I have developed two collate functions to read in data from h5py files (I tried to create some synthetic data for a MWE here but it is not going to plan).
The difference between the two in processing my data is about 10x — a very large increase and I am unsure as to why and I am curious for insights for my future collate functions.
def slow(batch):
'''
This function retrieves the data emitted from the H5 torch data set.

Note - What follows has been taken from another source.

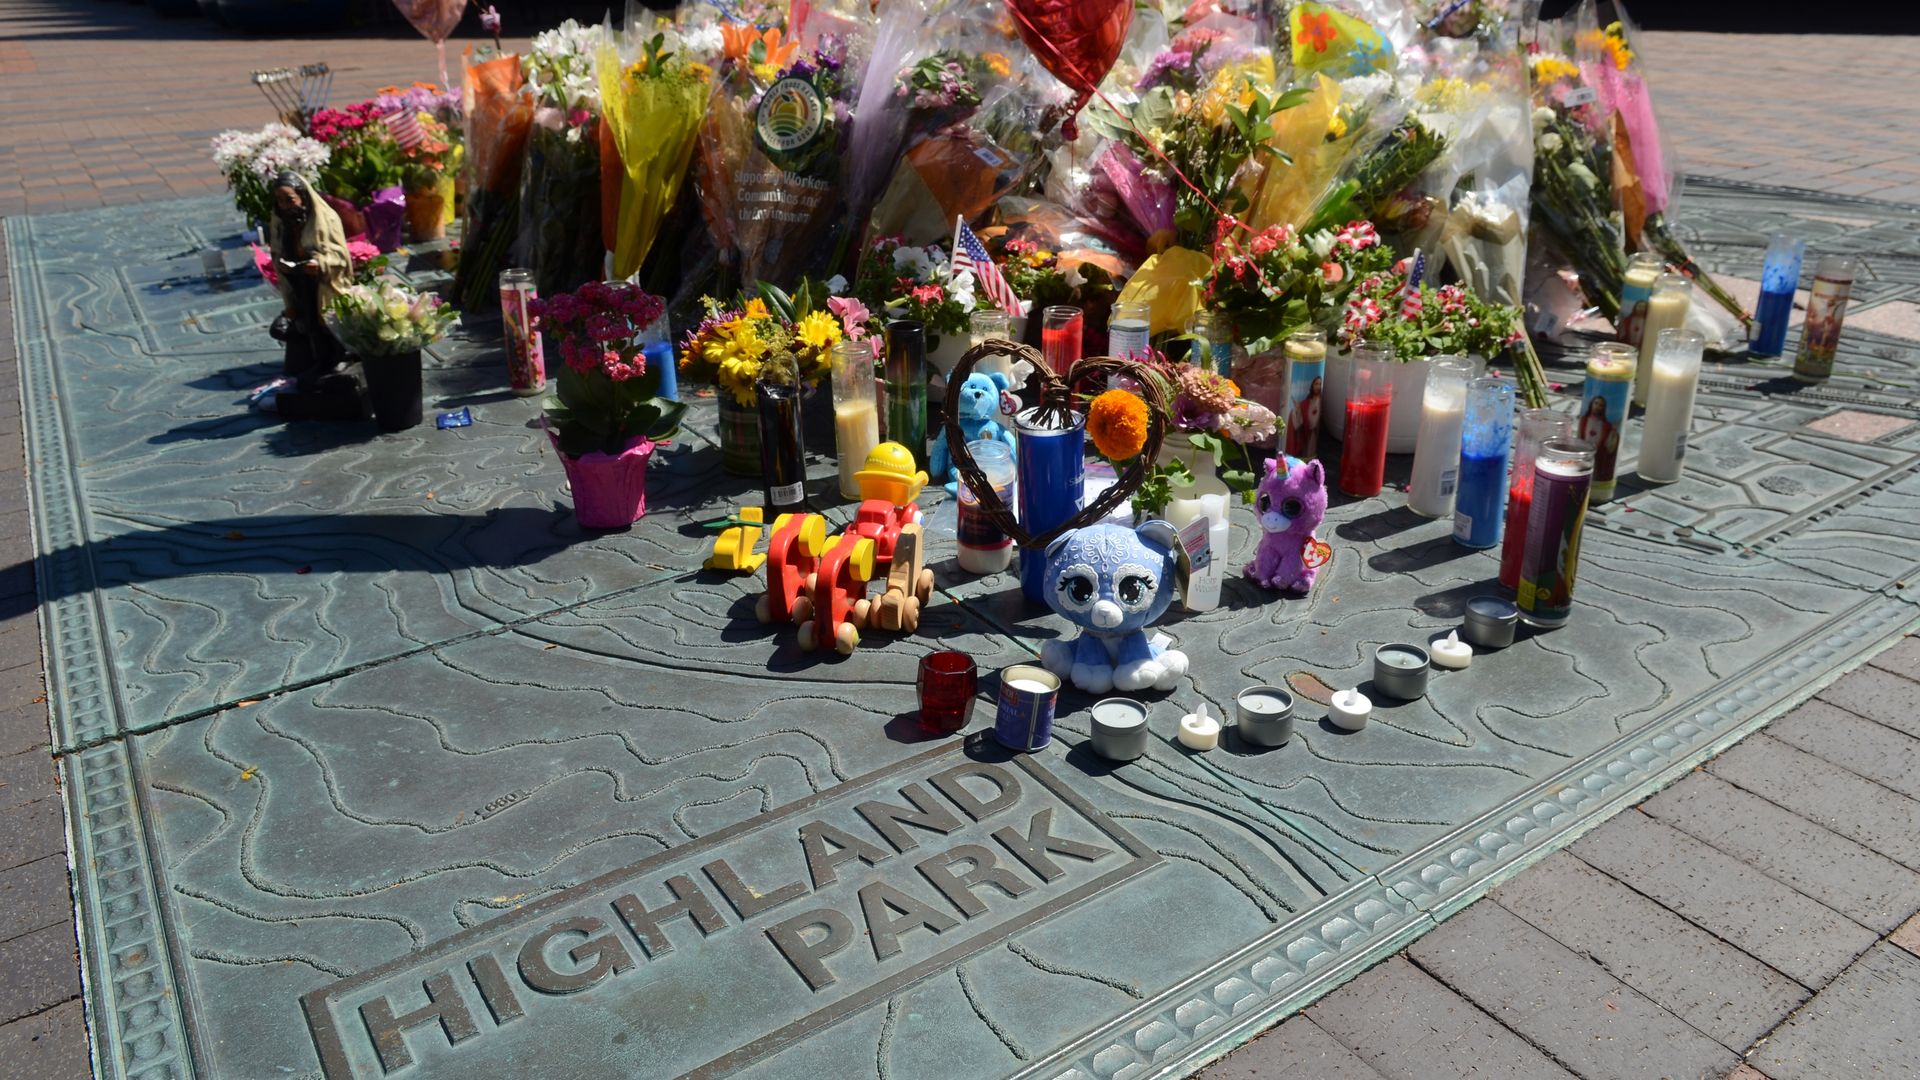 Photo of flowers and stuffed animals at a memorial site with a plaque that reads "Highland Park"

It alters the emitted dimensions from the dataloader
from: [batch_sz, layers, tokens, features], to:
[layers, batch_sz, tokens, features]
'''
embeddings = []
start_ids = []
end_ids = []
idxs = []
for i in range(len(batch)):
embeddings.append(batch[i]['embeddings'])
start_ids.append(batch[i]['start_ids'])
end_ids.append(batch[i]['end_ids'])
idxs.append(batch[i]['idx'])
# package data; # swap to expected [layers, batch_sz, tokens, features]

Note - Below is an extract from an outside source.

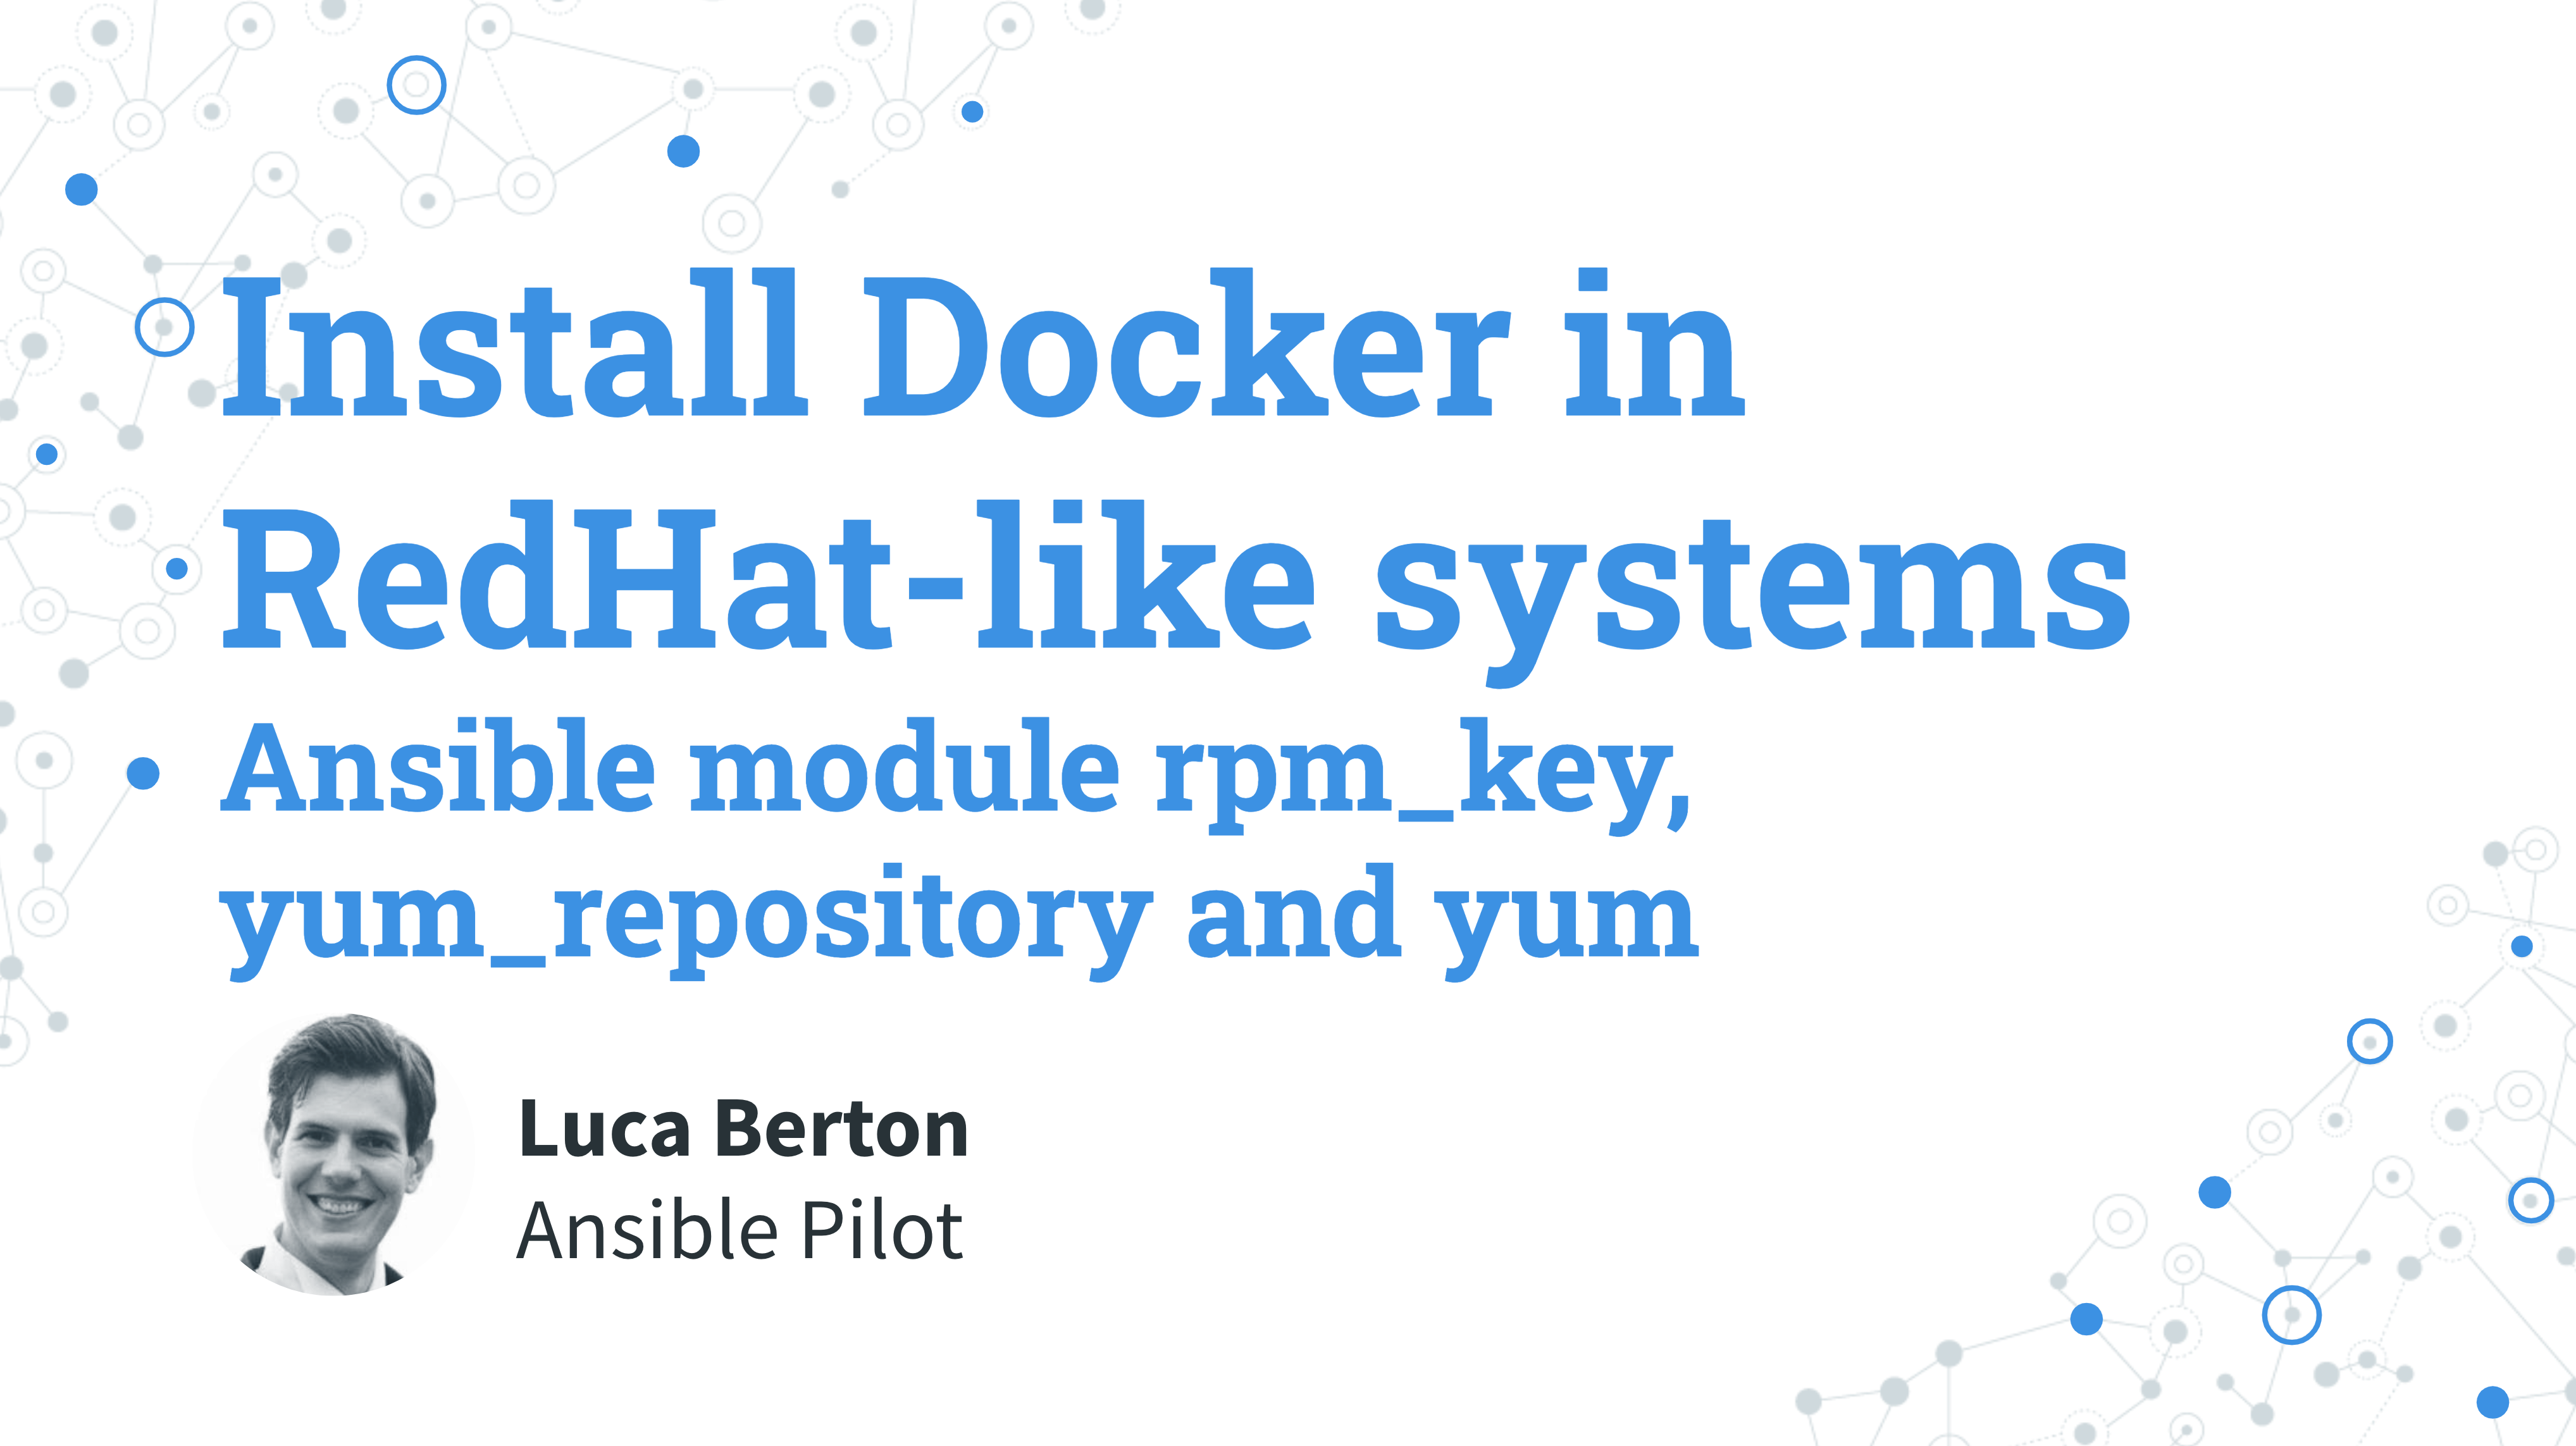 Install Docker in RedHat-like systems - Ansible module rpm_key, yum_repository and yum

sample = {'embeddings': torch.as_tensor(embeddings).permute(1, 0, 2, 3),
'start_ids': torch.as_tensor(start_ids),
'end_ids': torch.as_tensor(end_ids),
'idx': torch.as_tensor(idxs)}
return sample
I thought the one below, with more loops, would be slower, but it is far from the case.
def fast(batch):
''' This function alters the emitted dimensions from the dataloader
from: [batch_sz, layers, tokens, features]
to: [layers, batch_sz, tokens, features] for the embeddings
'''
# turn data to tensors
embeddings = torch.stack([torch.as_tensor(item['embeddings']) for item in batch])
# swap to expected [layers, batch_sz, tokens, features]
embeddings = embeddings.permute(1, 0, 2, 3)
# get start ids
start_ids = torch.stack([torch.as_tensor(item['start_ids']) for item in batch])
# get end ids
end_ids = torch.stack([torch.as_tensor(item['end_ids']) for item in batch])
# get idxs
idxs = torch.stack([torch.as_tensor(item['idx']) for item in batch])
# repackage
sample = {'embeddings': embeddings,
'start_ids': start_ids,
'end_ids': end_ids}
return sample
Edit: I tried swapping to this: It still is about 10x slower compared to ‘fast’.
def slow(batch):
'''
This function retrieves the data emitted from the H5 torch data set.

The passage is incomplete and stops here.